Filgueira

Personal information
- Full name: Luiz Carlos Filgueira
- Date of birth: 10 January 1967 (age 59)
- Place of birth: Brasília, DF, Brazil
- Height: 1.82 m (6 ft 0 in)
- Position: Defender

Senior career*
- Years: Team / Apps / (Gls)
- 1987-1988: Brasília
- 1988–1993: Chaves / 151 / (6)
- 1993–1995: Vitória de Setúbal / 44 / (1)
- 1995–1996: Marítimo / 27 / (1)
- 1996–2004: Belenenses / 202 / (18)

Managerial career
- 2005–2006: Belenenses (U19)
- 2006–2009: Belenenses (U17)
- 2009–2010: Belenenses (U15)
- 2010: Belenenses (U16)
- 2011: Belenenses (assistant)
- 2014–2015: Belenenses (technical coordinator)
- 2015–2016: Belenenses (women's technical coordinator)

= Filgueira =

Brazilian-Portuguese footballer and coach (born 1967)

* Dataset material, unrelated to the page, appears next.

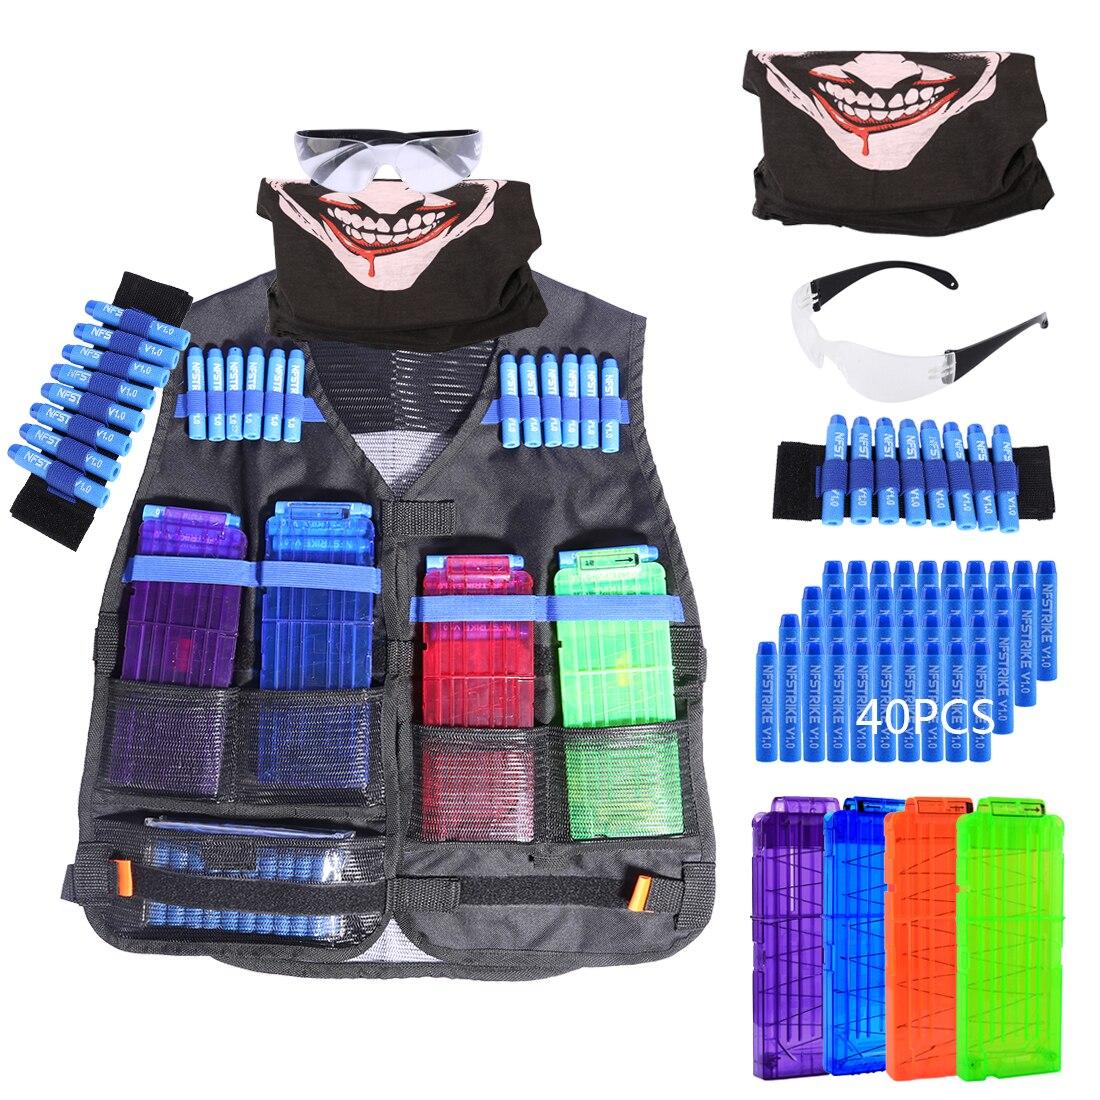 Morbido Proiettile Tattico Kit di Attrezzature per Nerf N-strike Elite Series con Ricarica Proiettili/Ricarica Pinze/Viso copertura/Occhiali/Wristband

Luiz Carlos Filgueira, known as Filgueira (born 10 January 1967) is a Brazilian football coach and a former player. He also holds Portuguese citizenship.

He played 15 seasons and 400 games in the Primeira Liga for Belenenses, Chaves, Vitória de Setúbal and Marítimo.

==Career==
Filgueira made his Primeira Liga debut for Chaves on 23 October 1988 as a starter in a 1–0 victory over Académico de Viseu.